## Recorded information

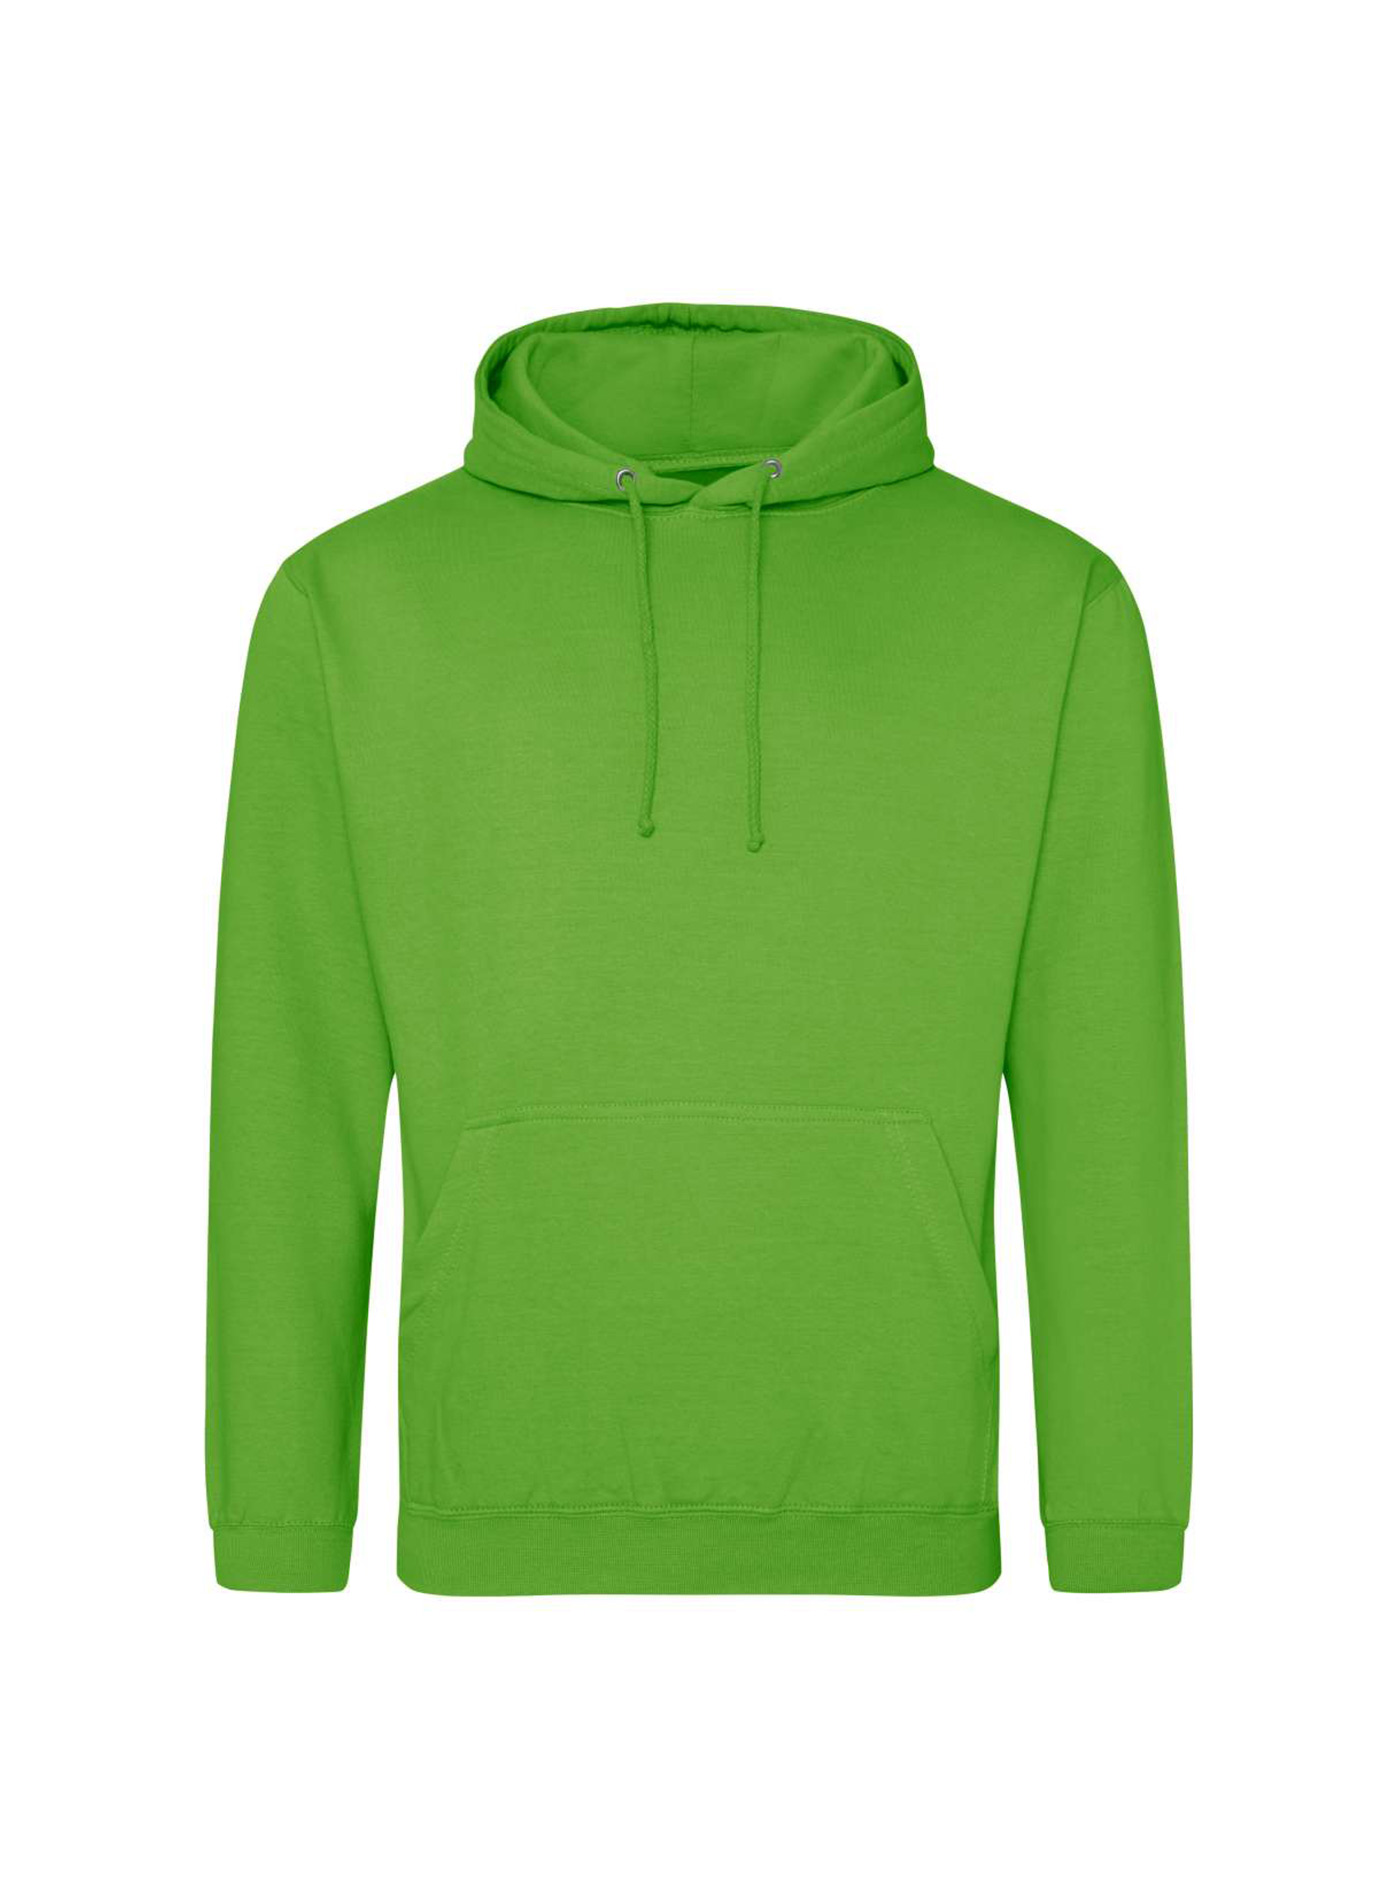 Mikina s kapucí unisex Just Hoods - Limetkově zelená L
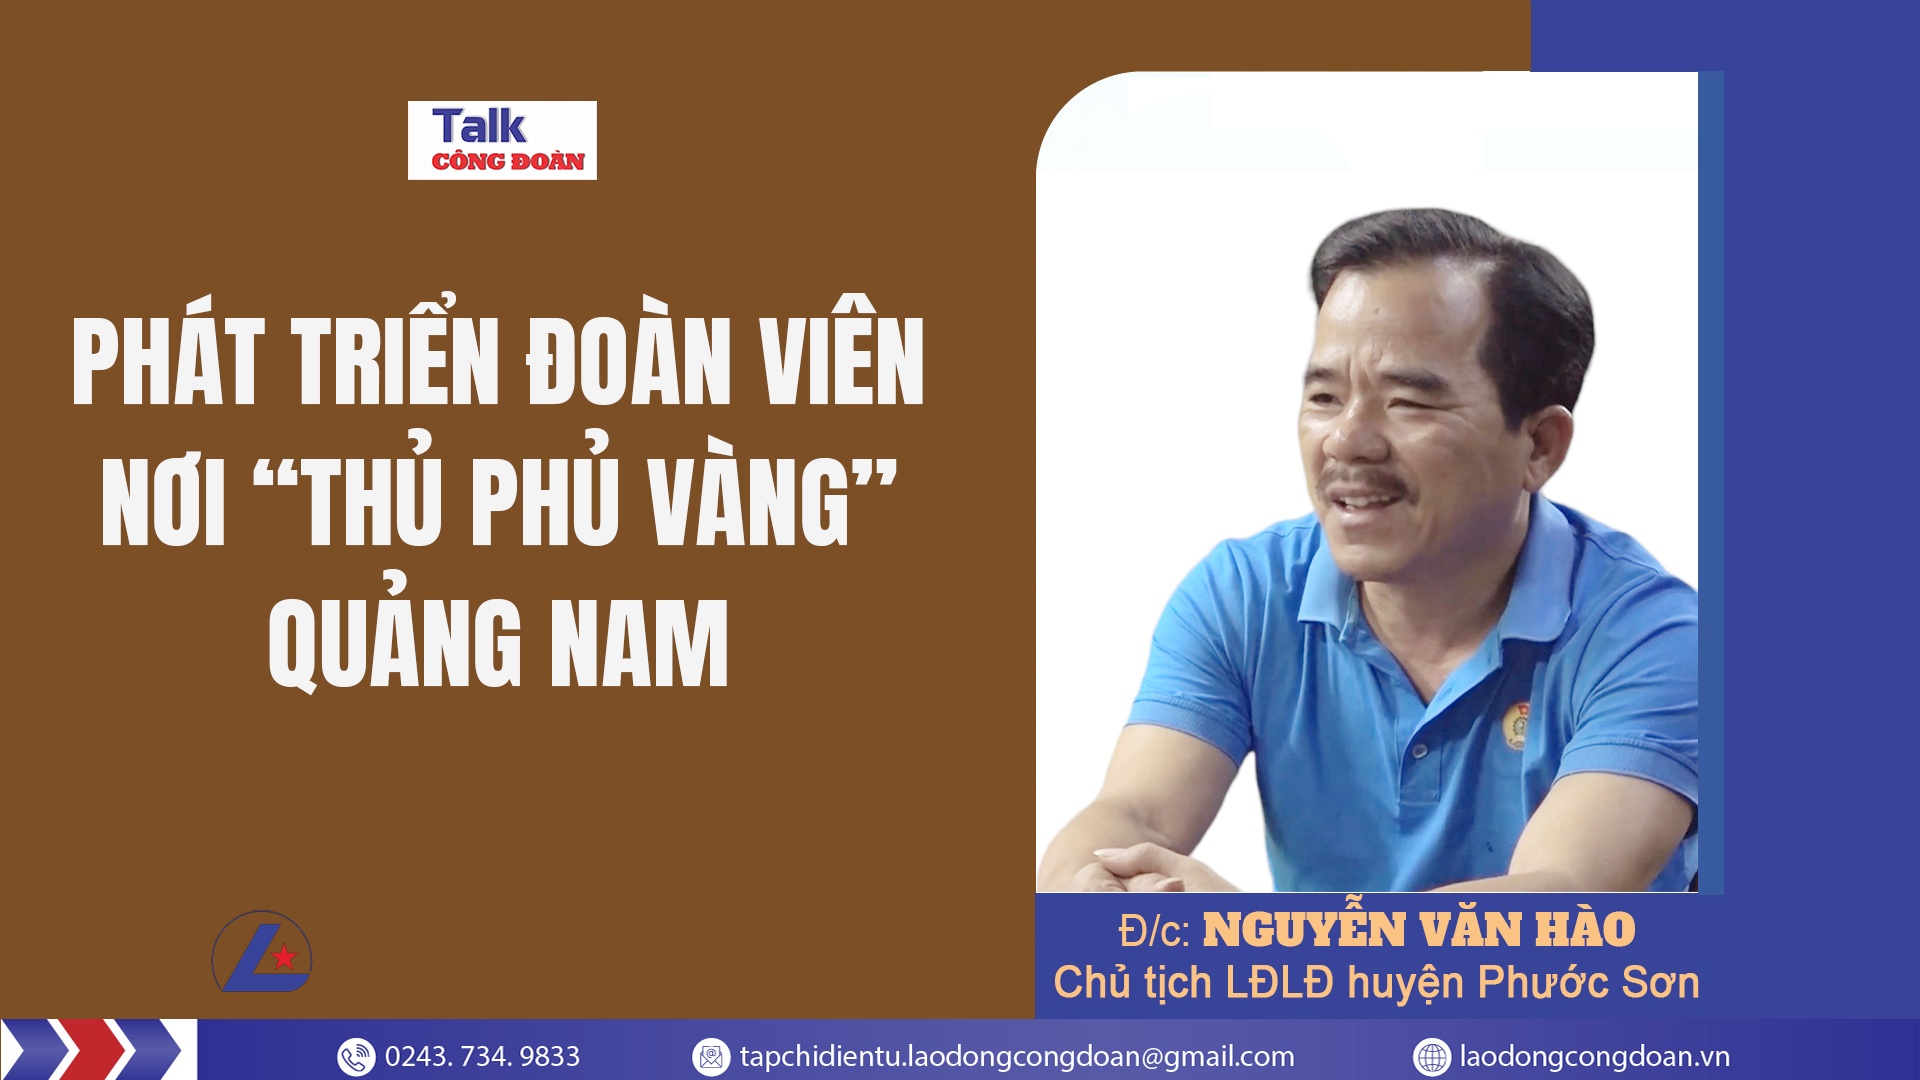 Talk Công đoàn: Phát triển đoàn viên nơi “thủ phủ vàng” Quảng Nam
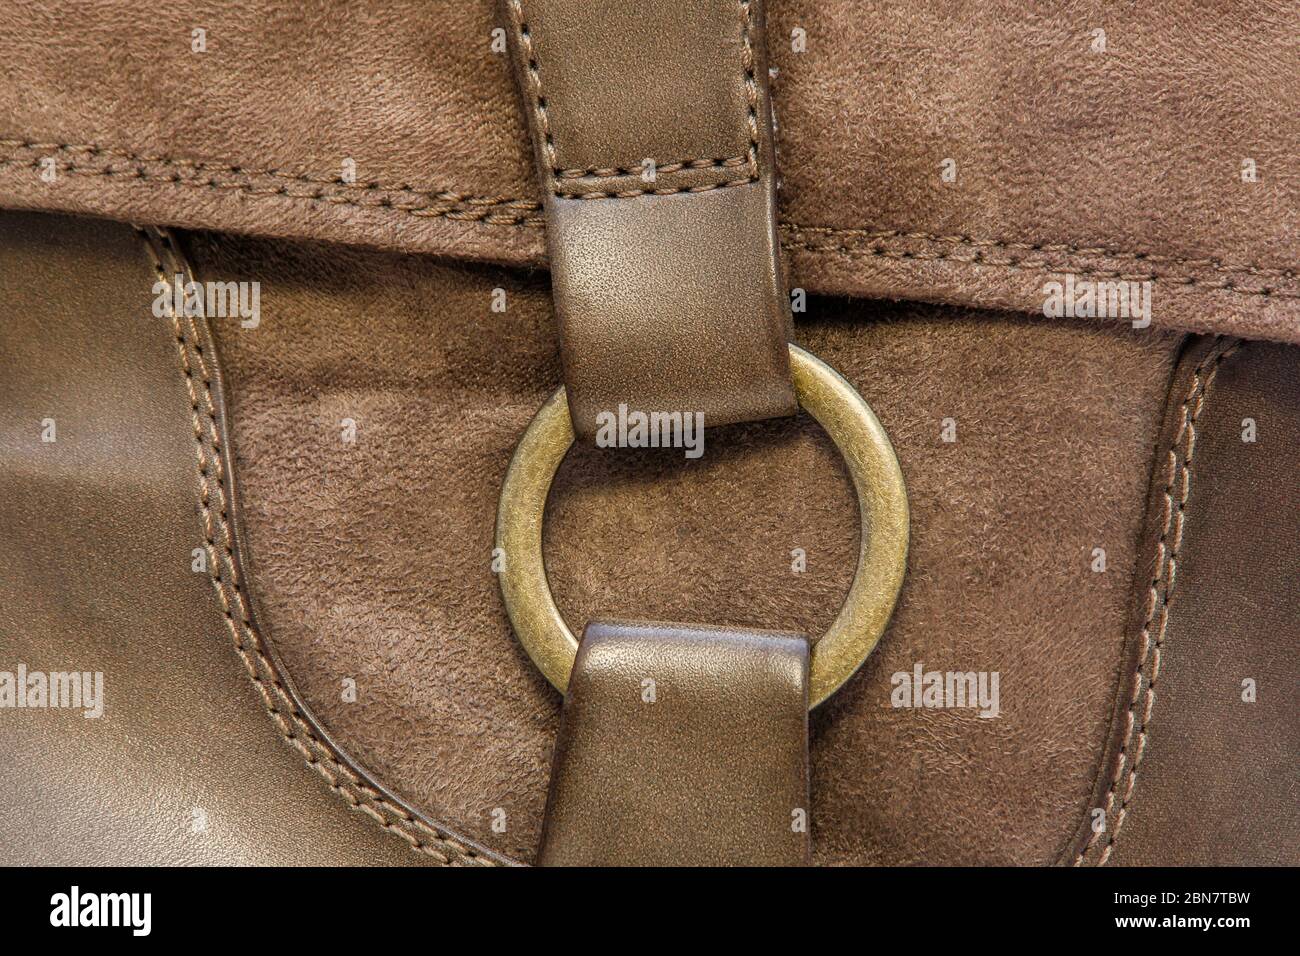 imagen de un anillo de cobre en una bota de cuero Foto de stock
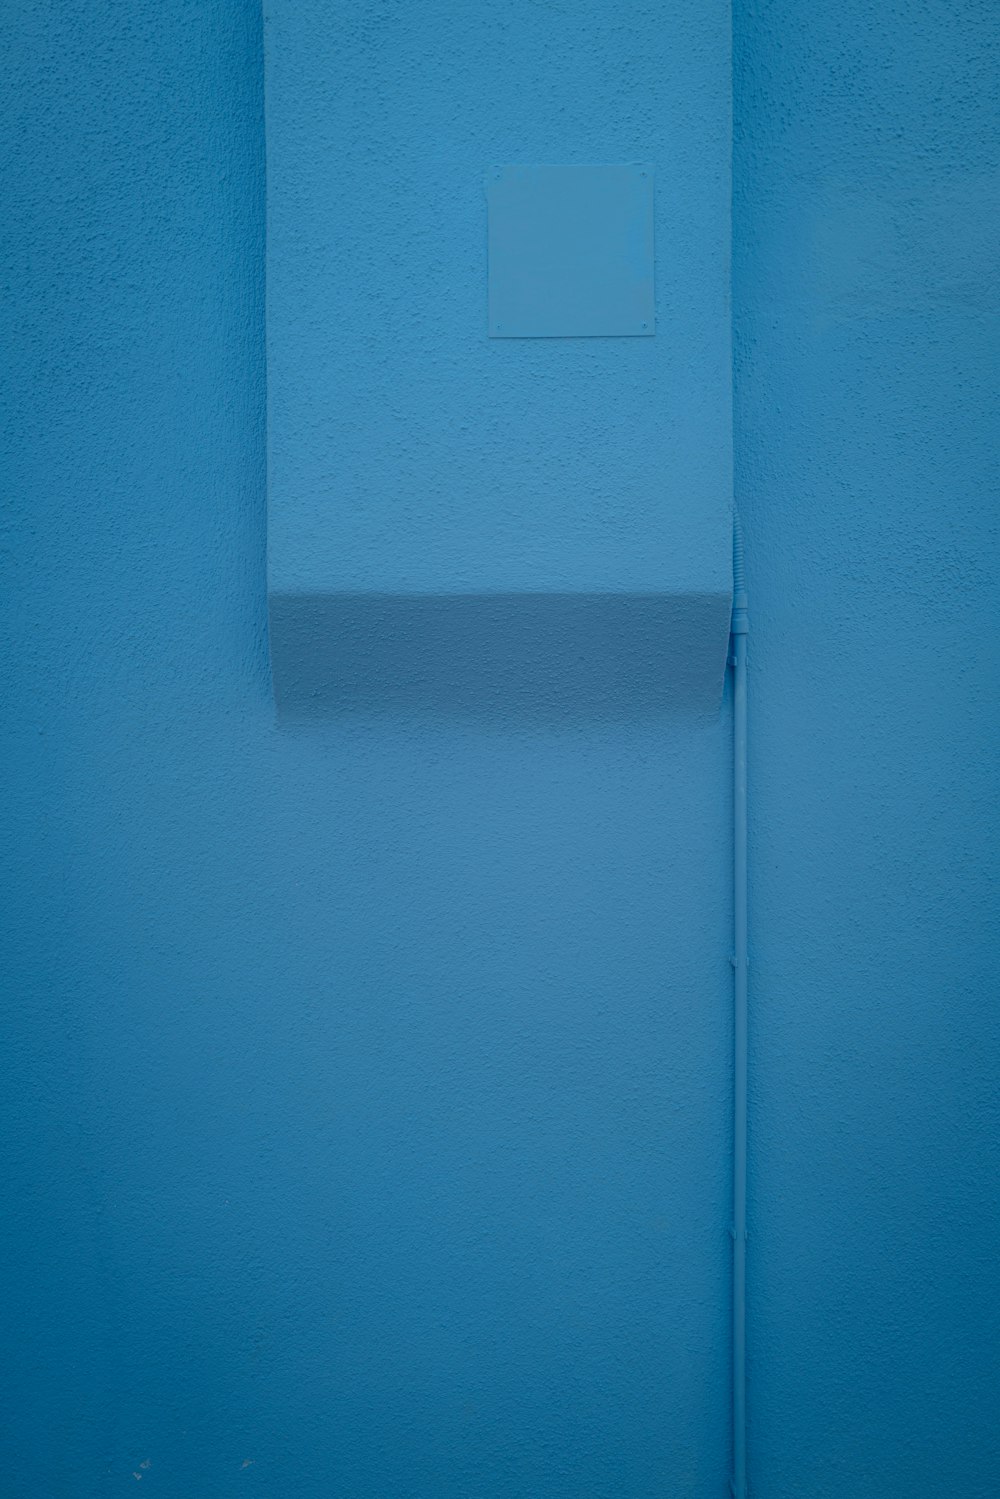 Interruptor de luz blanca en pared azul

## Task statement
Without the pictures, repeat the listing word for word.

## Task response
 Mikina s kapucí unisex Just Hoods - Limetkově zelená L
 Talk Công đoàn: Phát triển đoàn viên nơi “thủ phủ vàng” Quảng Nam
 imagen de un anillo de cobre en una bota de cuero Foto de stock
 Interruptor de luz blanca en pared azul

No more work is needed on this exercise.